Et cette pensée me poursuivait : peut-être bien que la plupart des gens que nous voyons
marcher sont morts. Nous disons qu'un homme est mort quand son cœur cesse de
battre, pas avant. Ça semble un peu arbitraire. Après tout, il y a des parties de votre
corps qui continuent à fonctionner - le poil, par exemple, pousse encore pendant des
années. Peut-être un homme meurt-il vraiment quand son cerveau s'arrête - quand il a
perdu l'aptitude à enregistrer une idée neuve. Ce cher Porteous est comme ça. Une
merveille d'érudition, une merveille de bon goût - mais incapable de changer. Dit les
mêmes choses, remâche les mêmes pensées, jour après jour, année après année. Il y a
des tas de gens comme ça. Morts dans leur tête, bloqués de l'intérieur.
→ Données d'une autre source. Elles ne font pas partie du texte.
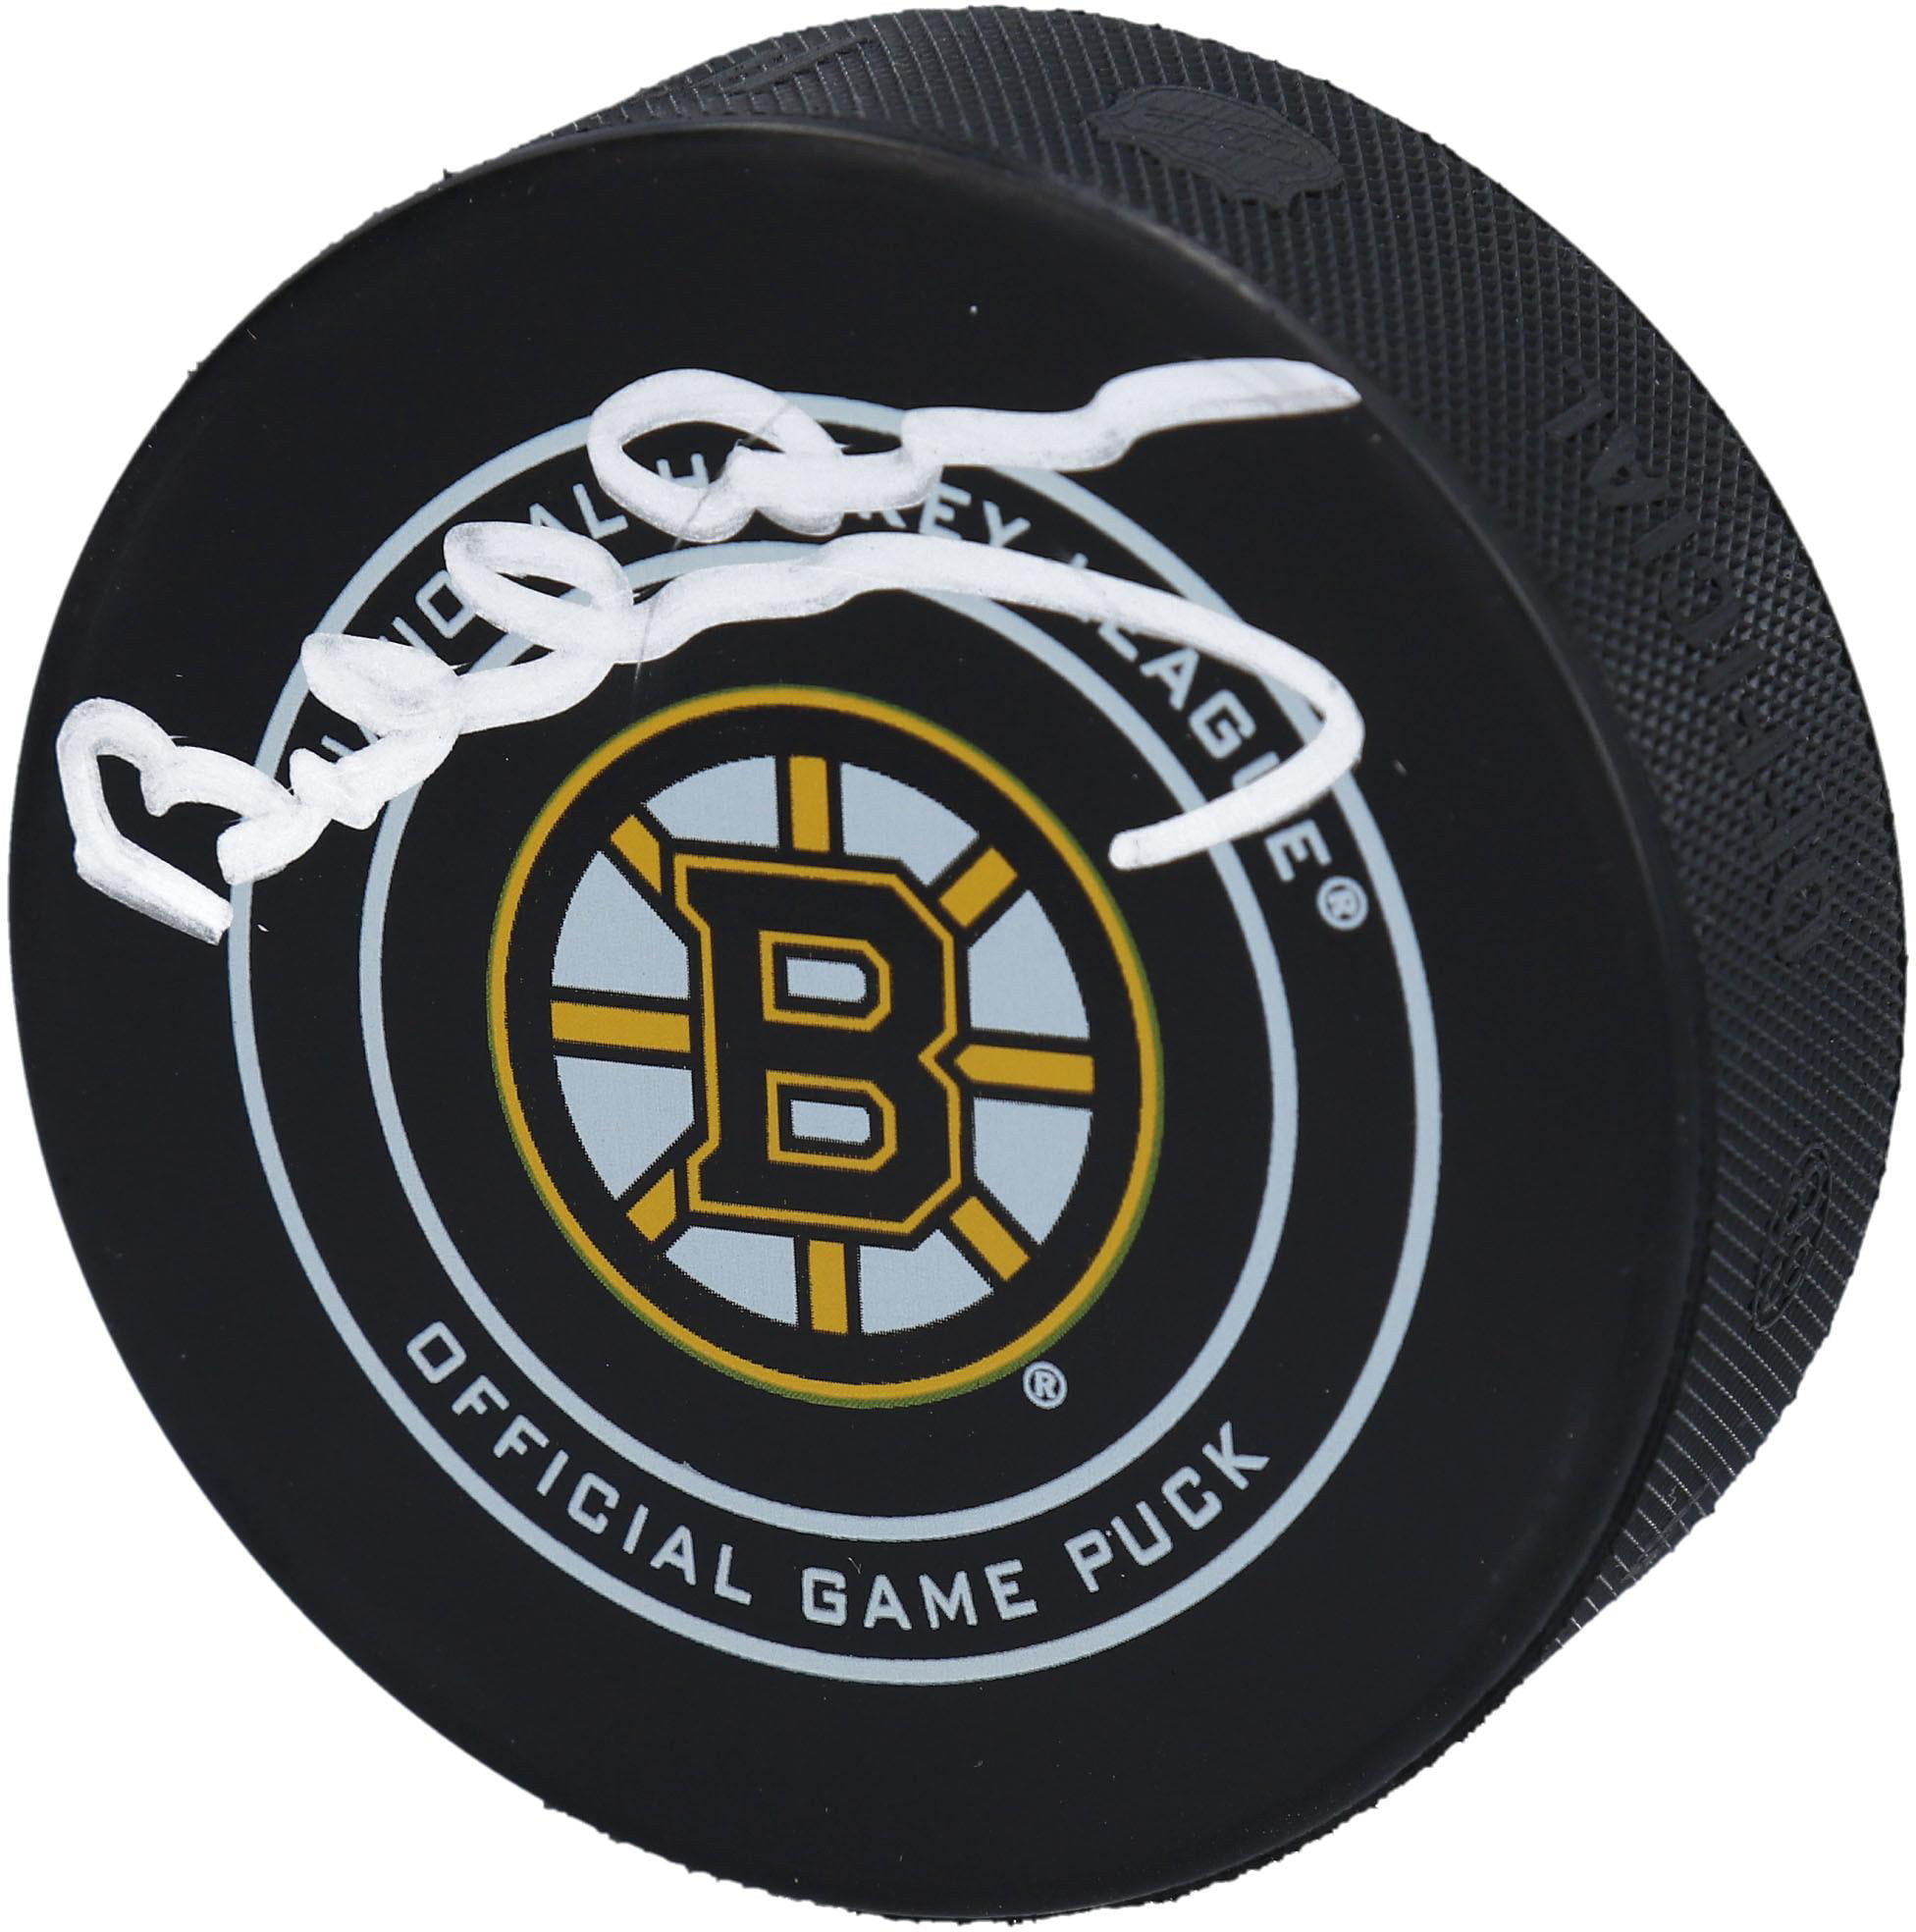 Fanatics Authentic Certified Torey Krug Boston Bruins Autographed 2019 Winter Classic Official Game Puck

Avançant et
reculant sur la même voie exiguë, et perdant sans cesse de leur consistance, comme des
spectres.
Le cerveau de Porteous, je me disais, a dû cesser de fonctionner à peu près au moment
de la guerre russo-japonaise. Et c'est une chose horrible que la quasi-totalité des gens
bien, ceux qui ne veulent pas casser la gueule aux autres, soient comme ça. Des gens
bien, mais leur esprit est arrêté. Ils ne pourront pas se défendre contre ce qui les attend,
parce qu'ils sont incapables de le voir, même en l'ayant sous le nez. Ils se disent que
l'Angleterre ne changera jamais, et que l'Angleterre est le monde entier. Ne se rendent
pas compte que l'Angleterre n'est qu'une survivance, un tout petit bout de terre encore
négligé par les bombes. Et pendant ce temps, la nouvelle espèce d'hommes de l'Europe
là-bas, les hommes mécanisés, qui pensent par slogans et parlent par balles, arrivent sur
nous. Des hommes qui ignorent totalement les règles du noble art. Avant longtemps ils
nous auront rattrapés. Tous les honnêtes gens sont paralysés. Des hommes morts et des
brutes bien en vie. À croire qu'il n'y a rien entre les deux. George Orwell (1903-1950)
Un peu d'air frais, 1939
Document 2 :
LA TERRE NOUS EN APPREND
La terre nous en apprend plus long sur nous que tous les livres. Parce qu’elle nous
résiste. L’homme se découvre quand il se mesure avec l’obstacle. mais pour l’atteindre, il
lui faut un outil. Il lui faut un rabot, ou une charrue. Le paysan, dans son labour, arrache
peu à peu quelques secrets à la nature, et la vérité qu’il dégage est universelle. De
même, l’avion, l’outil des lignes aériennes, mêle l’homme à tous les vieux problèmes.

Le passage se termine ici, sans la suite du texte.